__Data listing__
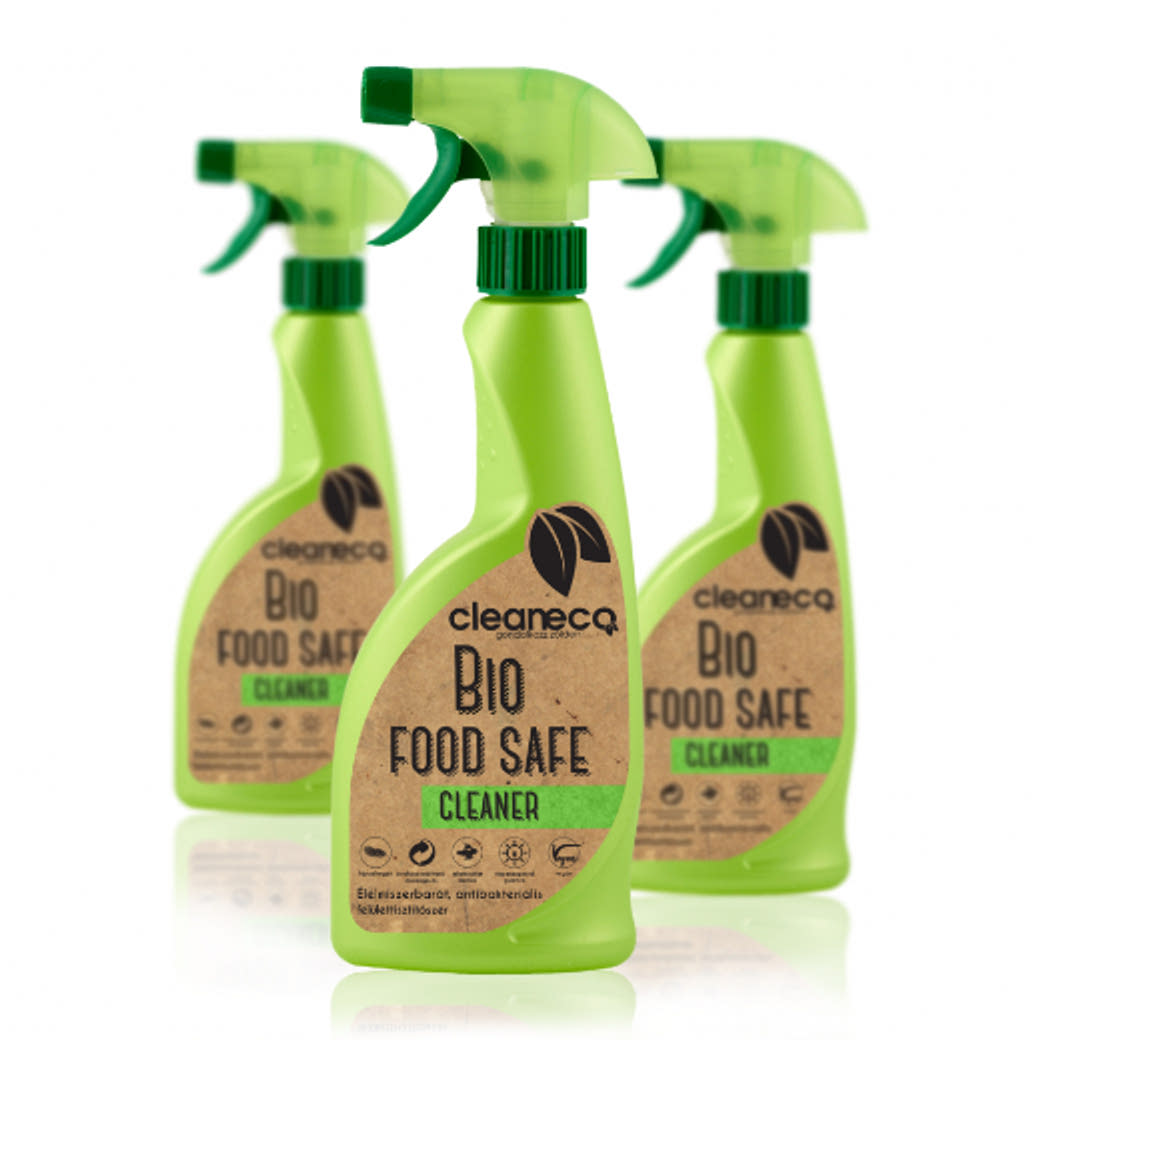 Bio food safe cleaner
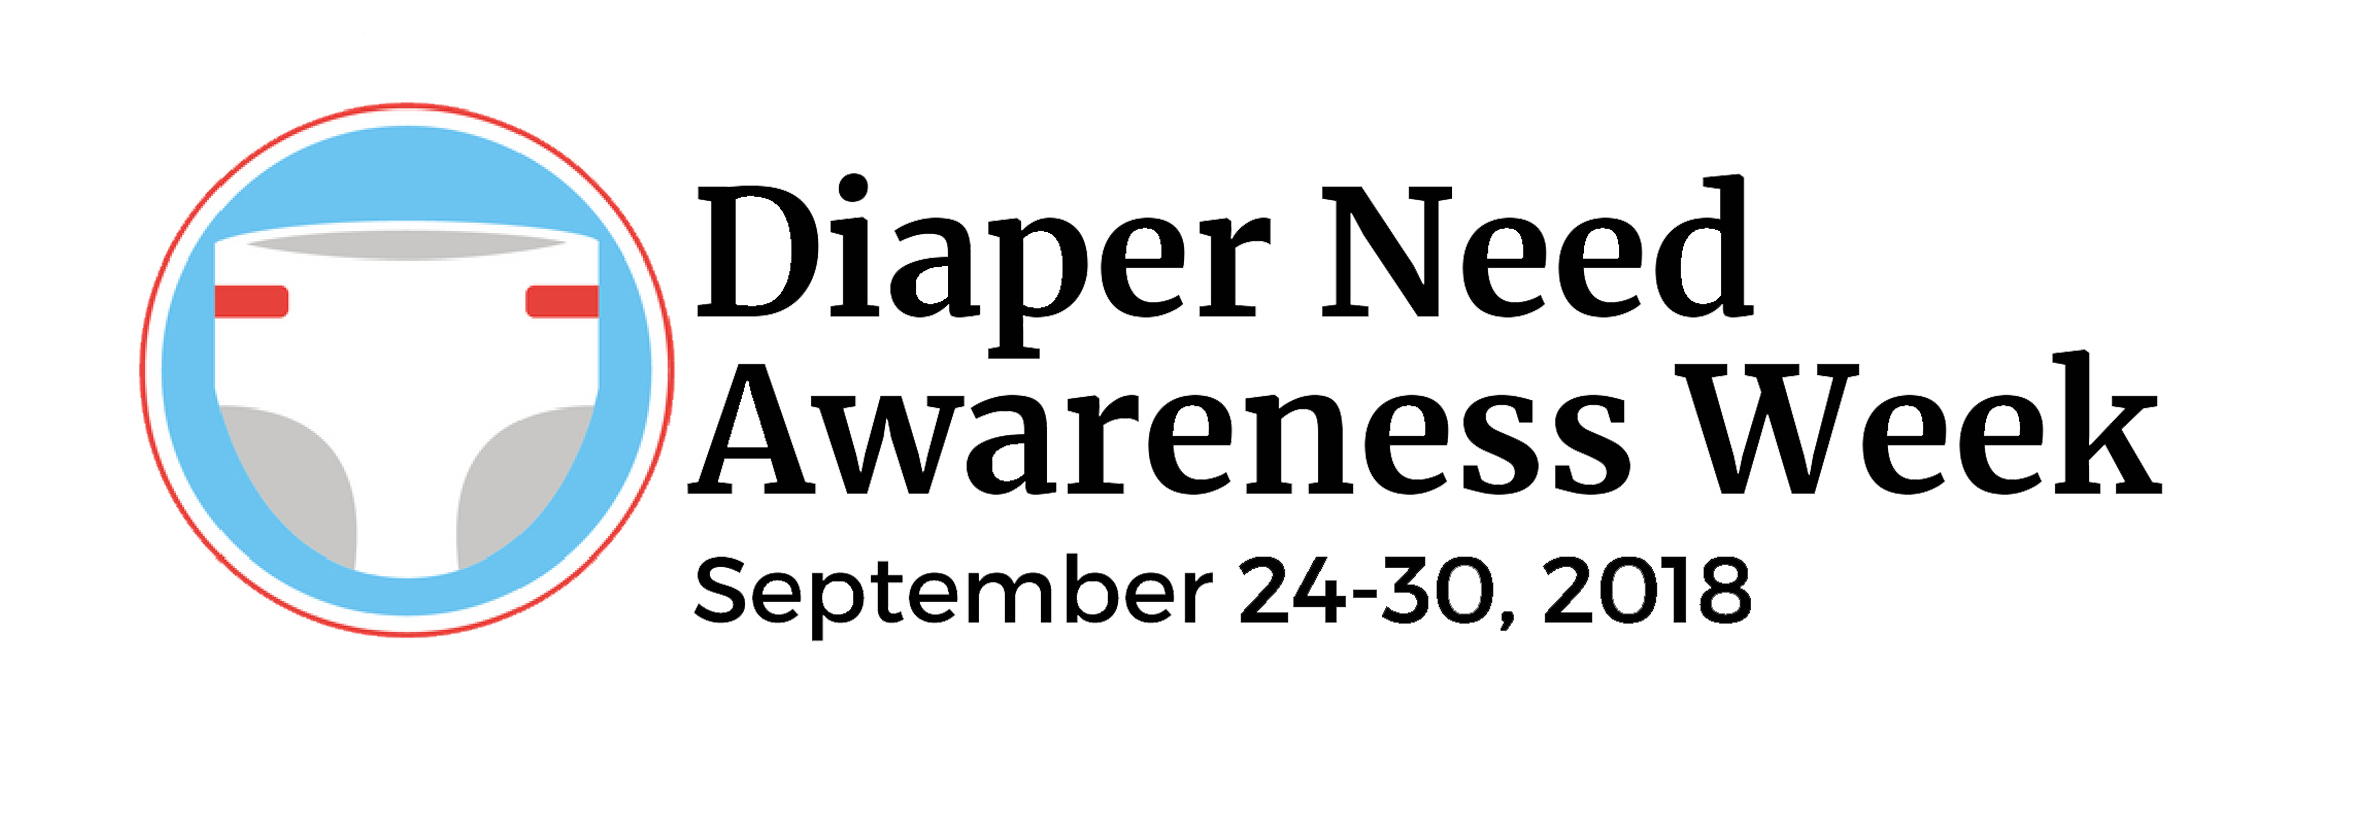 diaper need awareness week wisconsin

==

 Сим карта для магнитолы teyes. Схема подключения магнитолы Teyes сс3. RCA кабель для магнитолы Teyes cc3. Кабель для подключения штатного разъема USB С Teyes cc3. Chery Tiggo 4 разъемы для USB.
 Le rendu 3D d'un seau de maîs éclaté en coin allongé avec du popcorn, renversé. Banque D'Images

__What needs to be done__
An exact copy of the lines above from the one with "Bio food safe cleaner" up to and including the one with "diaper need awareness week wisconsin" is required; reproduce only those lines, omitting all pictures.

__Exercise response__
 Bio food safe cleaner
 diaper need awareness week wisconsin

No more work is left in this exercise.